Prysmian Group Power Link donates uniforms for a crew of emergency first responders

Prysmian Group Power Link donates uniforms for a crew of emergency first responders

 Felice Longoni (Group Quality) leads a team of 14 Civil Protection volunteers who helped their town get through the outbreak of Covid-19


Sometimes it’s the small things that can matter most. For Prysmian Group’s Felice Longoni, who lives in Cernusco Lombardone, a small town between Milan and Lake Como, one of the sights that troubled him most when Covid-19 pandemic broke out last spring was the town’s cemetery.

“As an Alpini Group leader, I asked the mayor if we could get involved,” recalls Longoni.

Felice Longoni

Quality Supplier

“Every time I went by, it made me feel so bad, because no one could take care of it,” he recalls. “The flowers were rotting in the water, and the grass was growing too high. Some of the tombs were poorly maintained. So I asked the mayor if we could get involved.”

 

As a volunteer at Italy’s Civil Protection Department, Longoni has 32 years of experience in handling emergencies far worse than unkept lawns. When disaster strikes, volunteers from some 5,000 organizations support Italy’s Civil Protection by working side by side with other first responders. These volunteers dug through the rubble of the 2009 earthquake in the Abruzzo; handled crowd control at Pope John Paul II’s funeral; and assisted the homeless after Hurricane Katrina.

 

During Covid-19, their triangle logo was a familiar sight on jackets in vaccine centers across the country.

Sadly, when Covid-19 broke out in 2020, the Civil Protection team in Cernusco Lombardone was just two people, and one of them was Longoni. He recruited 14 people in the early months of the pandemic who worked together to clean up the cemetery after work. They had it ready for Easter. The experience was so positive that they decided to form a new team.

Over a year later, on June 27, Longoni and his team of 14 finally celebrated their inauguration, outfitted with yellow and blue uniforms donated by Prysmian Group bearing the Powerlink logo. Each volunteer was supplied with a windbreaker, insulated vest, shirt, pants, turtleneck, and beret. The €5,000 donation is part of Prysmian Group’s commitment to contributing to the communities where it does business. These Civil Protection teams serve the local community first and foremost, as well as pitch in for national and international disasters.

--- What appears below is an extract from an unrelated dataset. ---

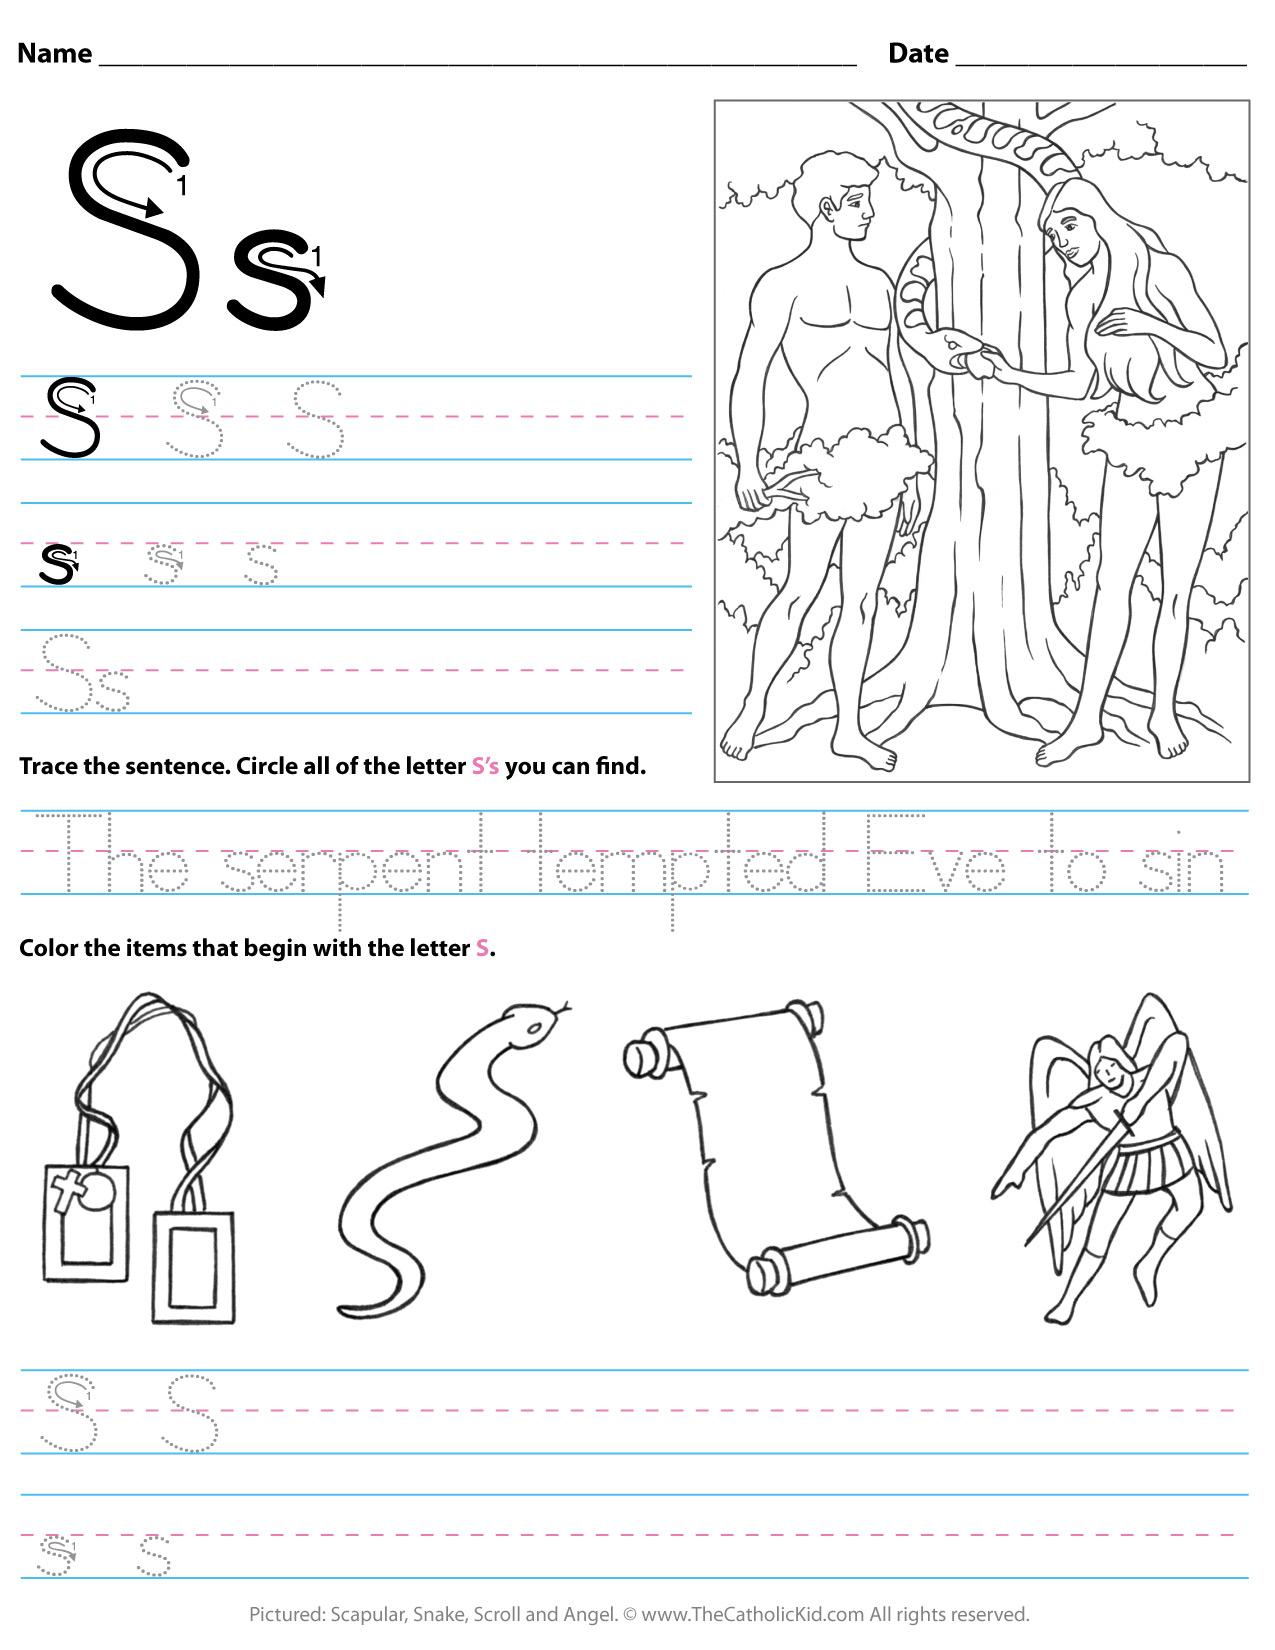 Catholic Alphabet Letter S Worksheet Preschool Kindergarten with regard to Letter Ii Worksheets For Kindergarten

“The cost can run up to €450 each, and not everyone can afford it,” he explains. “If I didn’t get this funding from Prysmian, I would not have had the money to equip my team. Many Civil Protection squads get financed by the state. But many, like ours, are self-financed.”

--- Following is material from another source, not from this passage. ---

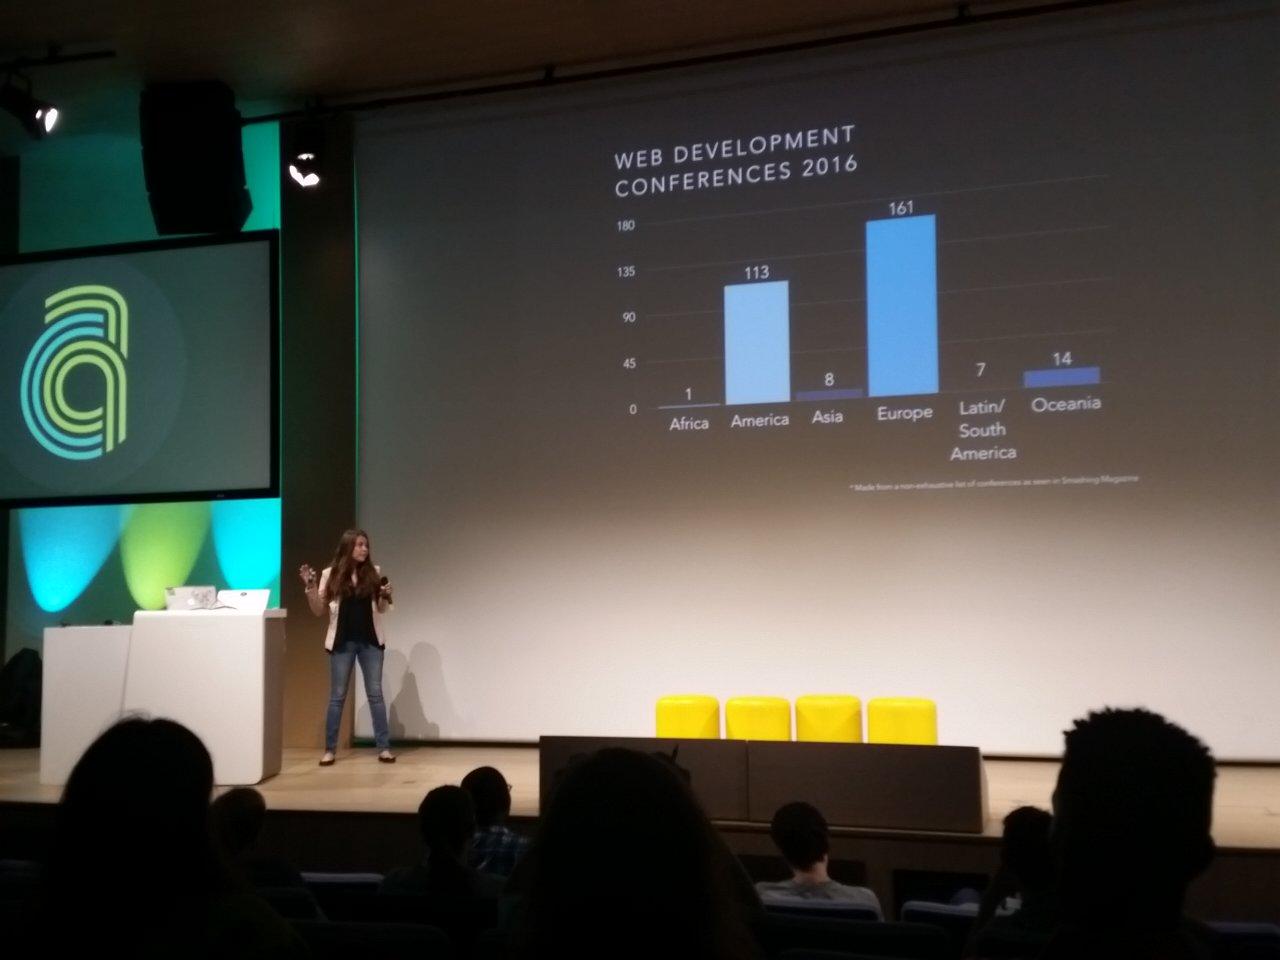 Web development conferences 2016 (statistics)

Longoni’s first experience with a disaster was in 1985, when a massive mudslide killed 268 people in the Stava River valley in Trentino. He was one of the 4,000 Alpini, the Italian Army’s specialist mountain infantry, who participated in the rescue effort. He arrived in a helicopter two hours after the disaster, and it haunts him still.

“It was really devastating,” he says. “The veterans of the rescue effort were only able to get back in touch with one another 30 years later, and we all said we had the same feeling. We didn’t want to remember that event.”

Longoni joined Civil Protection in 1989, and retrained again in 2009 through the National Alpini Association, which supports the Civil Protection Department with many volunteers who have the same aim of helping people in exceptional situations.

He was recruited into a specialist telecommunications squad given his experience at Pirelli Cavi and later at Prysmian Group. He has been sent to help out in many areas, such during as the most recent earthquakes in central Italy in 2016 and 2017.

As for the Cernusco Lombardone team -- which is part of the Alessandro Merlini nucleus of the National Association of Alpini - Lecco Section -- after an intense experience at the Alpini field hospital in Bergamo during the second Covid-19 pandemic epidemic, things have started to calm down. One of their most recent tasks was to protect people during the weekend mass with other members of the Alpini Group.

The team’s big project is to create a specialist group dedicated to using drones for surveillance. These flying robots equipped with heat-seeking cameras could be useful for finding dispersed persons, or dealing with evacuations, Longoni explains.

“It’s still not yet recognized at a national level, but I’m working to get permission,” he says.